__TASK STATEMENT__: Repeat only what runs from the line with "I love the colors" through the last line of the data below, both included, keeping every word as it is and leaving out the pictures.

(Items from a dataset)
◆ ◆ ◆ ◆ ◆
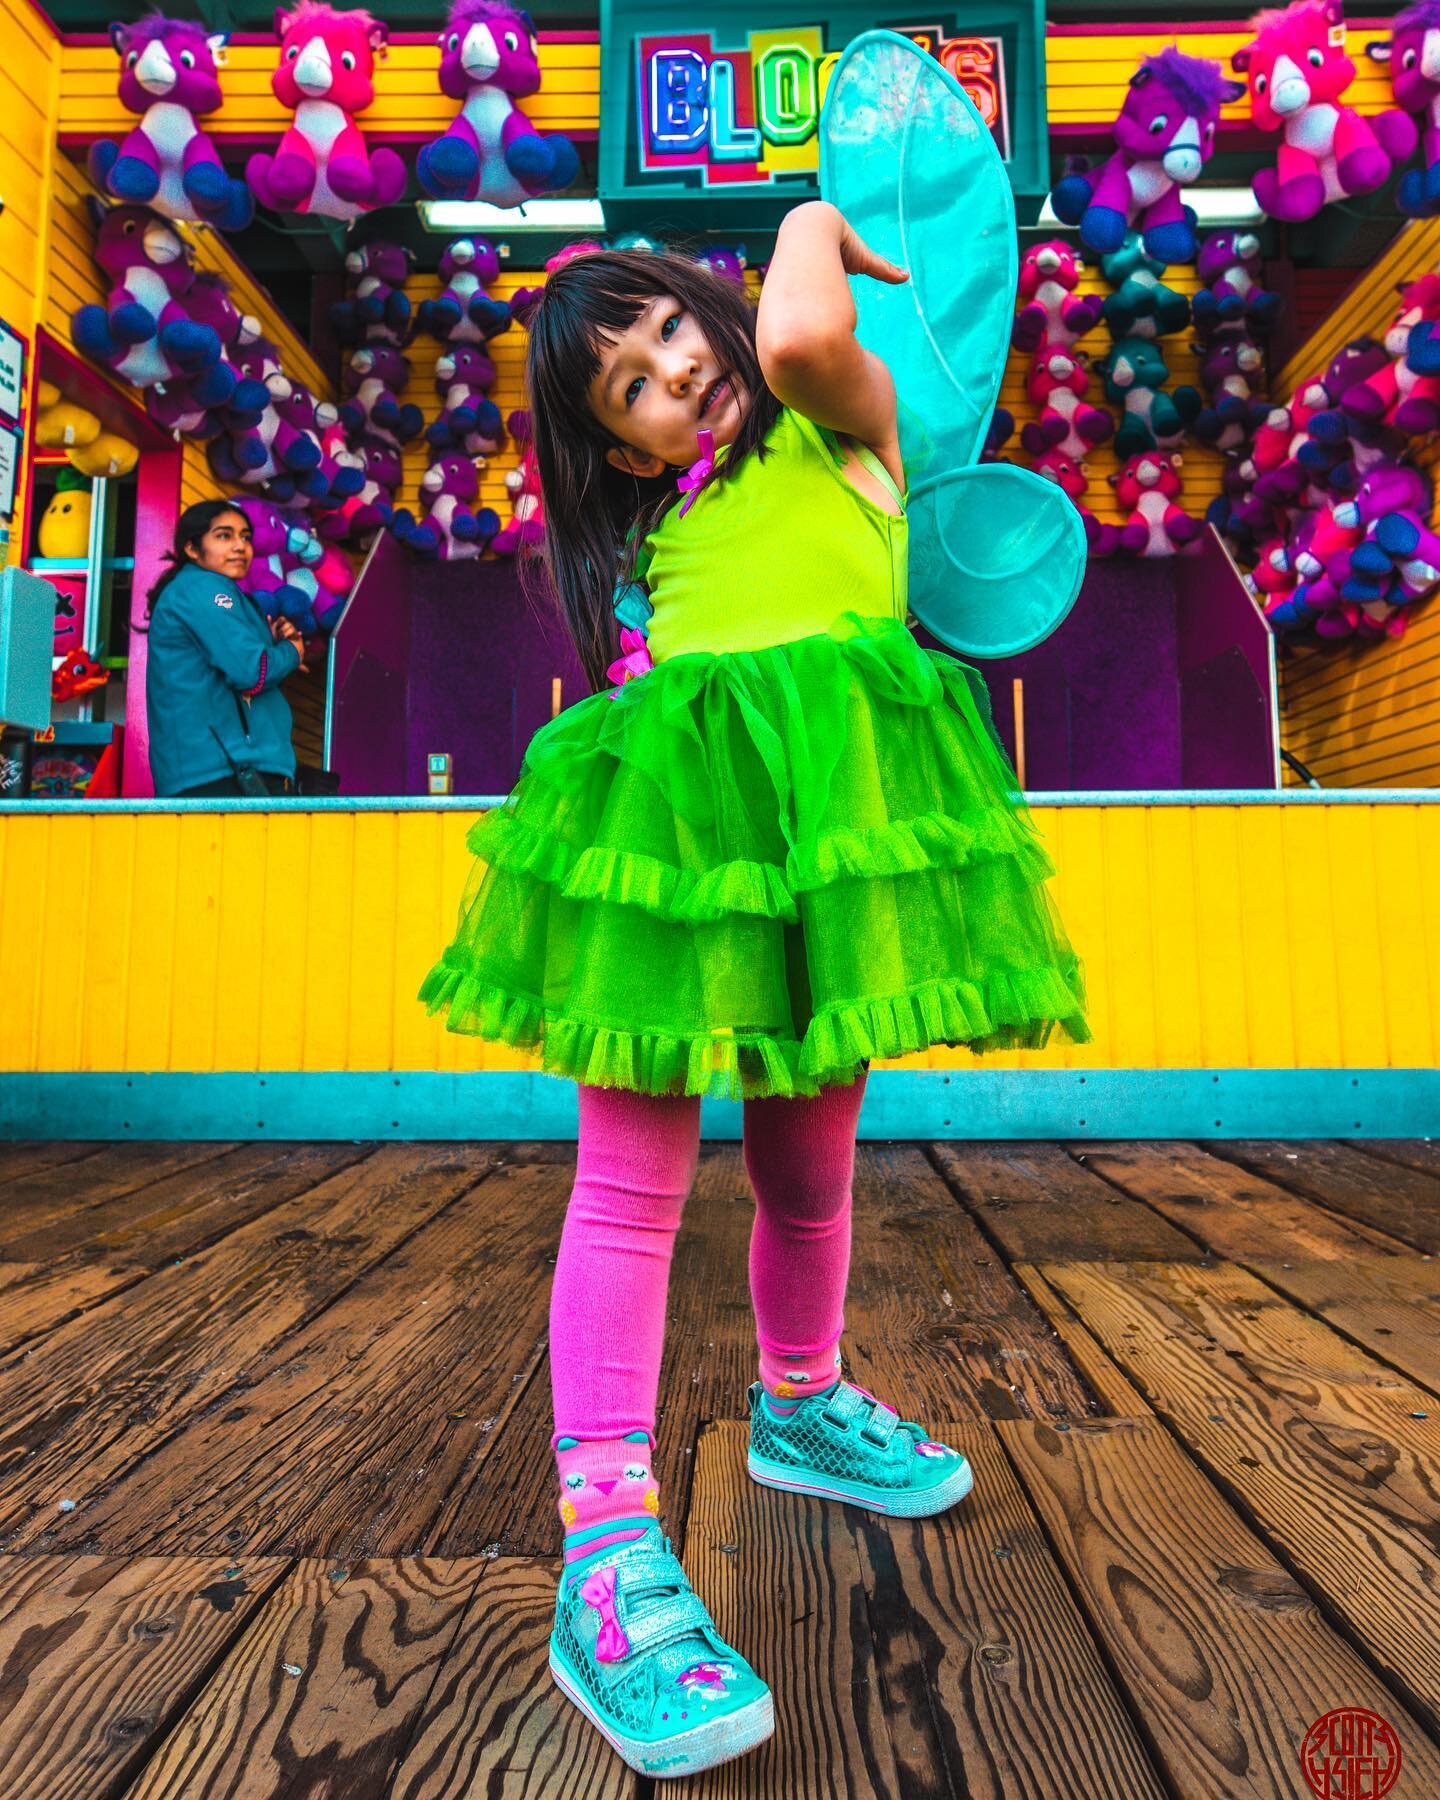 **DOUBLE TAP** This was such a fun shoot with Seven and @mommystinyplanet 
I love the colors and check out her stances. 📸: @syhphotography @scotty.hsieh
🎎wardrobe : she picked it out herself
.
.
.
.
#photography #photooftheday #photo #photographer 
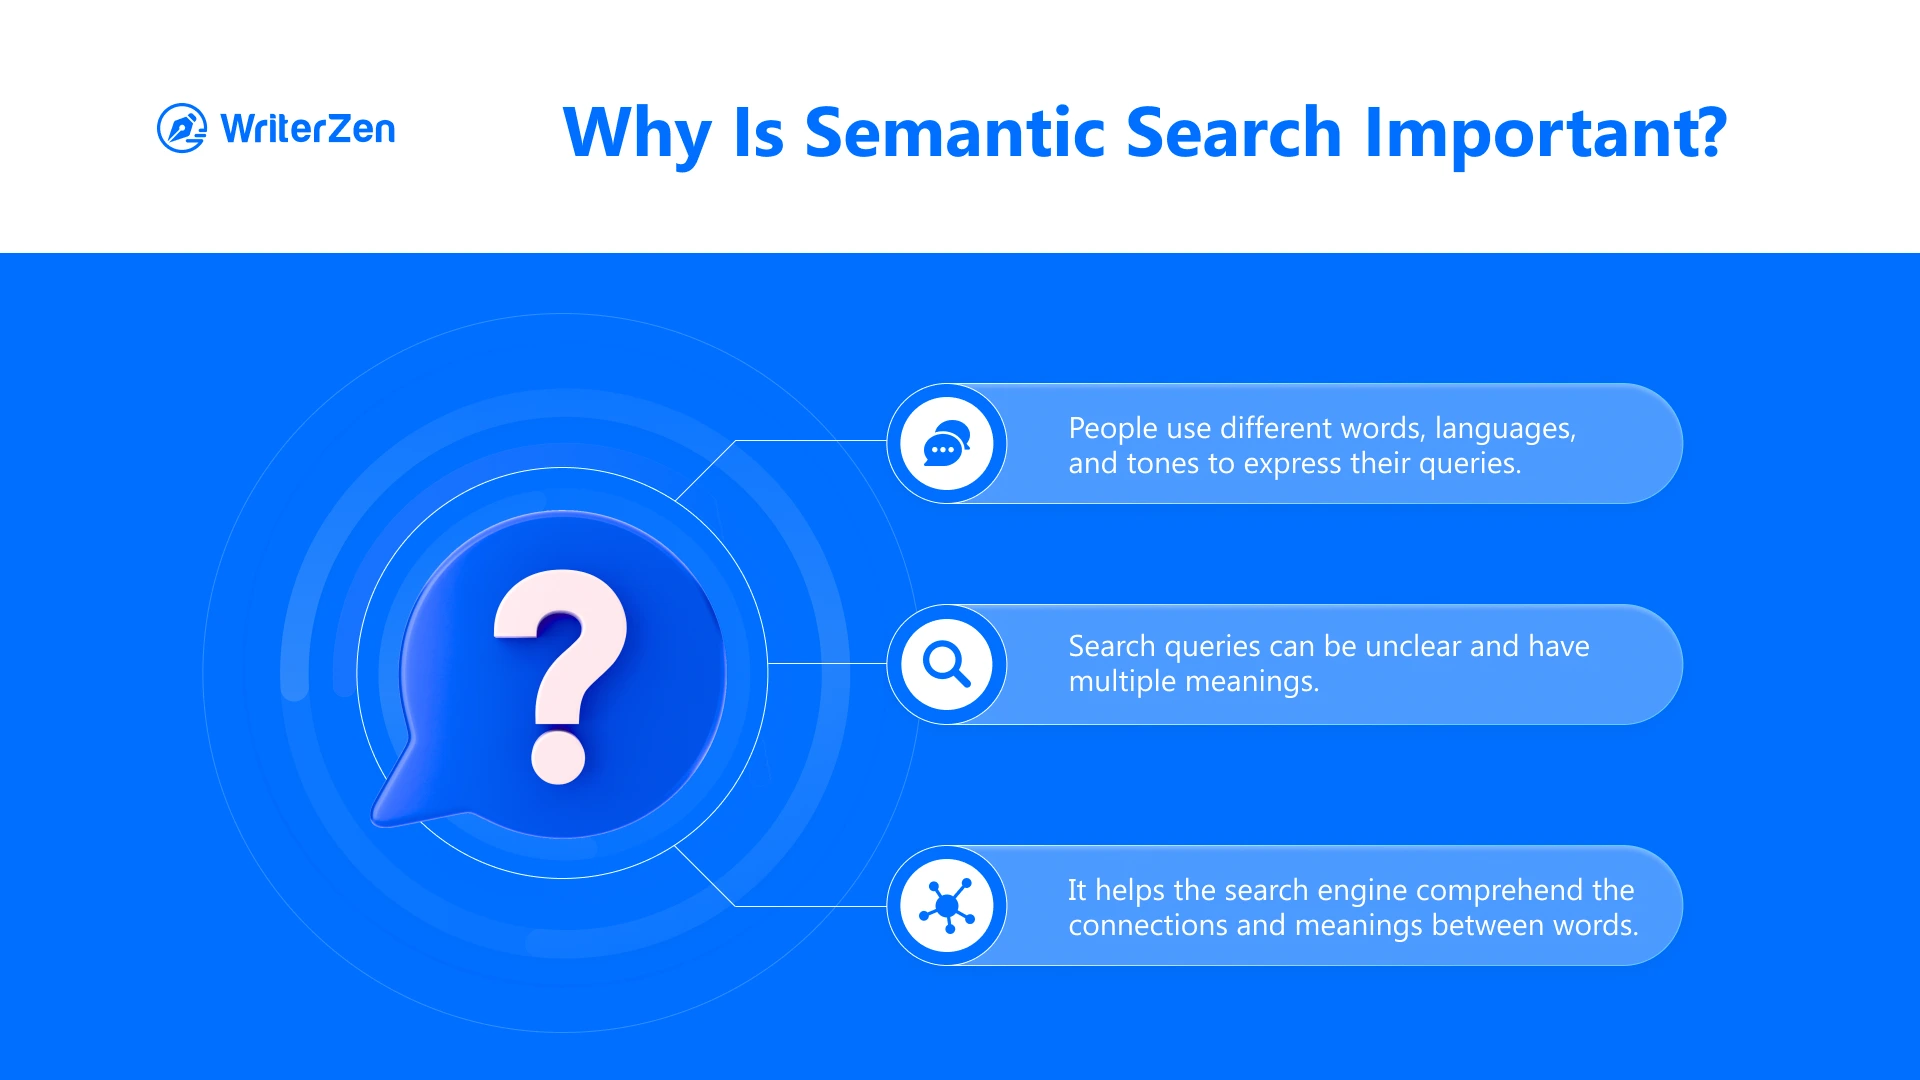 Why is Semantic Search Important
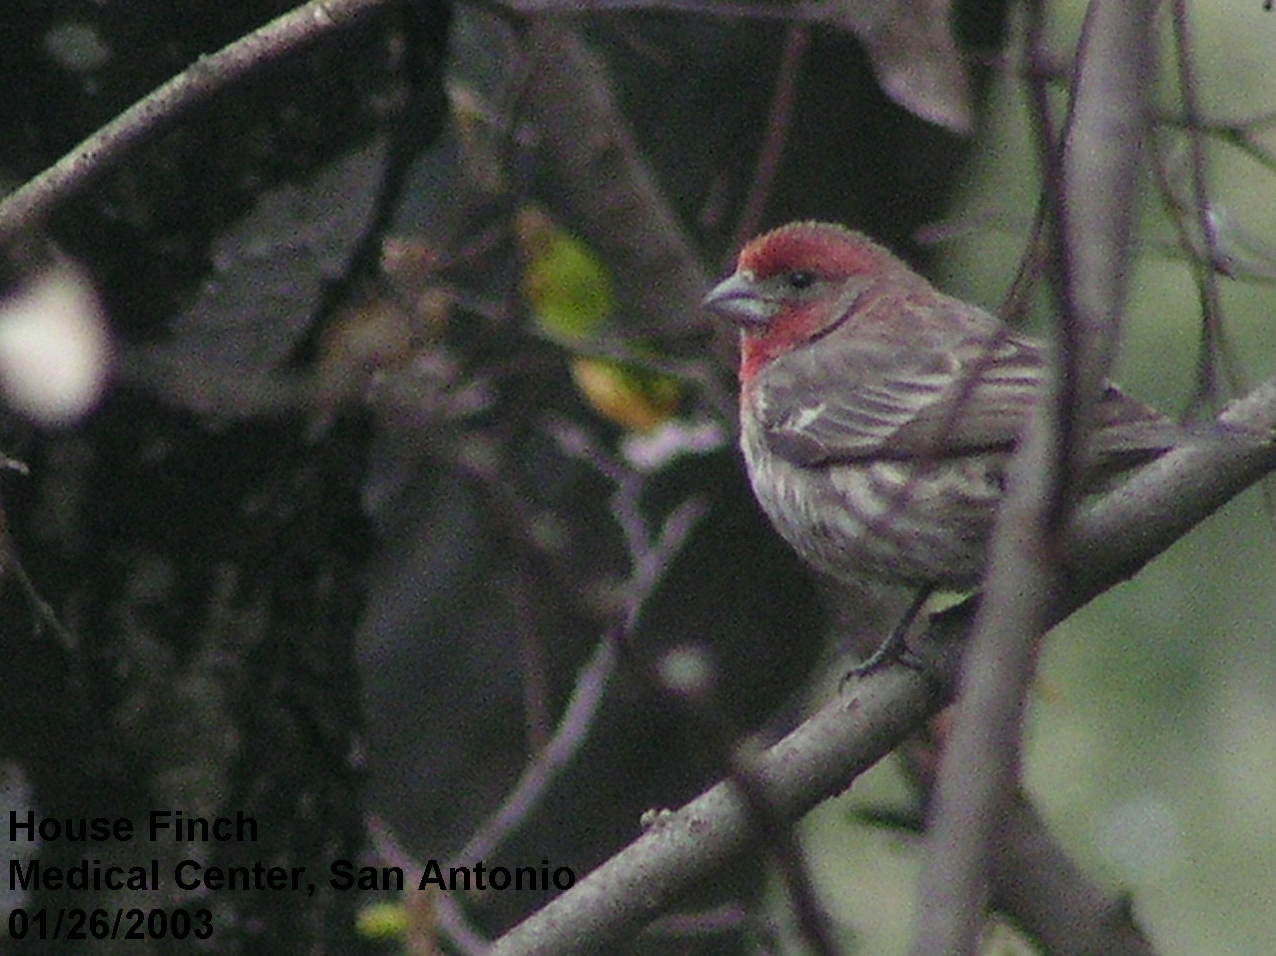 Click picture to see more House Finch Photos.
◆ ◆ ◆ ◆ ◆
__RESPONSE__:
I love the colors and check out her stances. 📸: @syhphotography @scotty.hsieh
🎎wardrobe : she picked it out herself
.
.
.
.
#photography #photooftheday #photo #photographer 
 Why is Semantic Search Important
 Click picture to see more House Finch Photos.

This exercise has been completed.